Jason stared, horrified, at the blood trickling from Julia’s mouth. He placed his finger gently over her lips, willing back the sobs that were racking his chest. Julia smiled weakly up at him as she lost consciousness.
“I’ve loved you forever, Julia De Vere.”
Jason clasped her to his chest, tears streaming down his unshaven cheeks, and gently smoothed her matted hair.
“I’ve loved you forever, Jules,” he sobbed, rocking her as he would a small child. “Loved you forever.”
Alex looked at Jason, horrified. “I’m so sorry, Uncle Jas.”
Very slowly Jason laid Julia down next to the medic, who sat beside Assaf, making a flutter valve.
Jason watched the lights of the Apaches as they approached within firing range again.
“They’ll shoot us down this time,” Alex said. “They’re going to blow us out of the sky.”

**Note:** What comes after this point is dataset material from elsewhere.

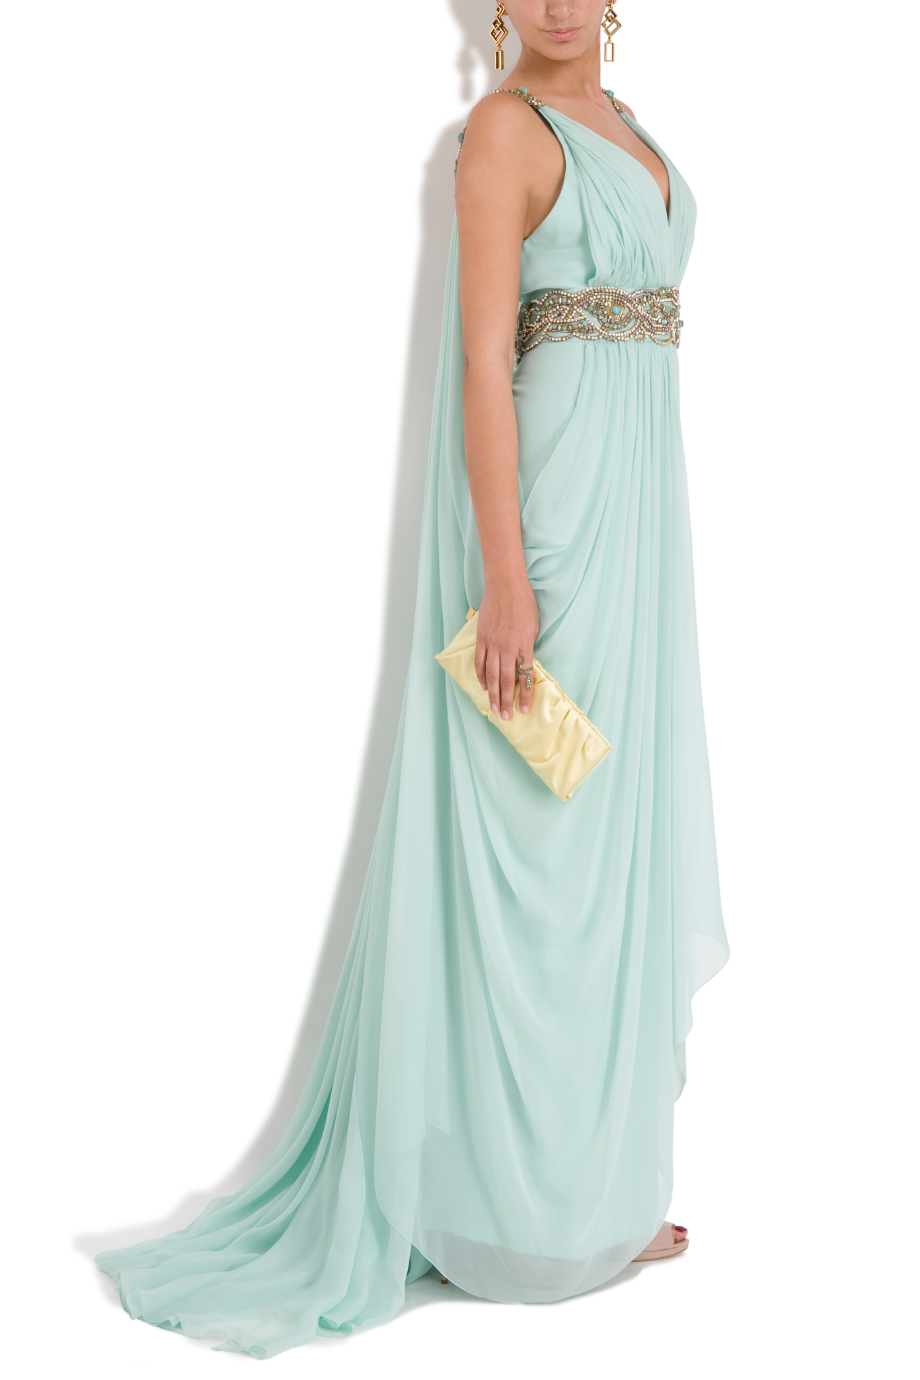 Lyst - Marchesa Chiffon Embellished Grecian Gown in Blue
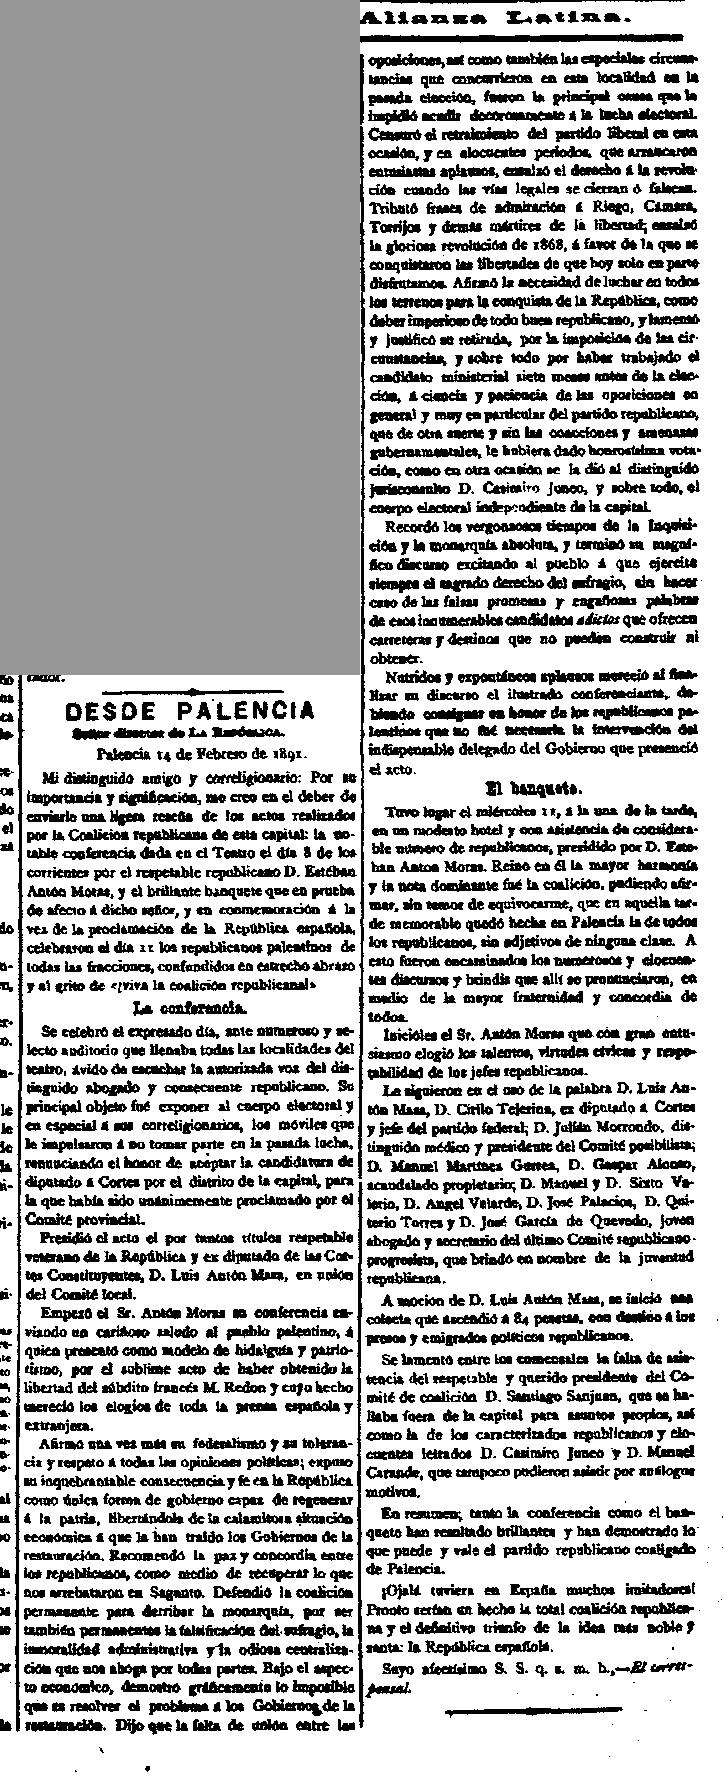 garcia-de-quevedo-no-mitin-republicano-en-palencia-la-republica-1721891

Jason grabbed Assaf’s handgun from his belt. “Drop me,” he ordered.
He pointed the gun straight at Assaf and the pilots, his hands trembling.
“Use me as a diversion. I’m the one they’re after.”
“No, Mr. De Vere.” Assaf’s tone was even. “I can’t let you do that.”
“Drop me right here on the street, General. Now.” Jason looked down at Julia, then up at the general.
“Or I’ll blast your head off.” His hands shook. “You know I’ll do it, Assaf.”
Assaf studied Jason intently, then nodded to the pilot. “Do as Mr. De Vere says,” he said softly.
Jason glanced over at Julia. She had stopped breathing. He looked into Assaf’s eyes. “Get Julia to the Hadassah Hospital now.”
Assaf nodded.
“Sorry about this, General.”
The helicopter descended rapidly, and Assaf opened the door.
“May the Hebrew be with you,” he whispered.
Jason jumped down onto the grassy expanse of the park opposite the Waldorf Astoria Jerusalem and stumbled up onto his feet. The helicopter disappeared as the Apaches started to descend toward him.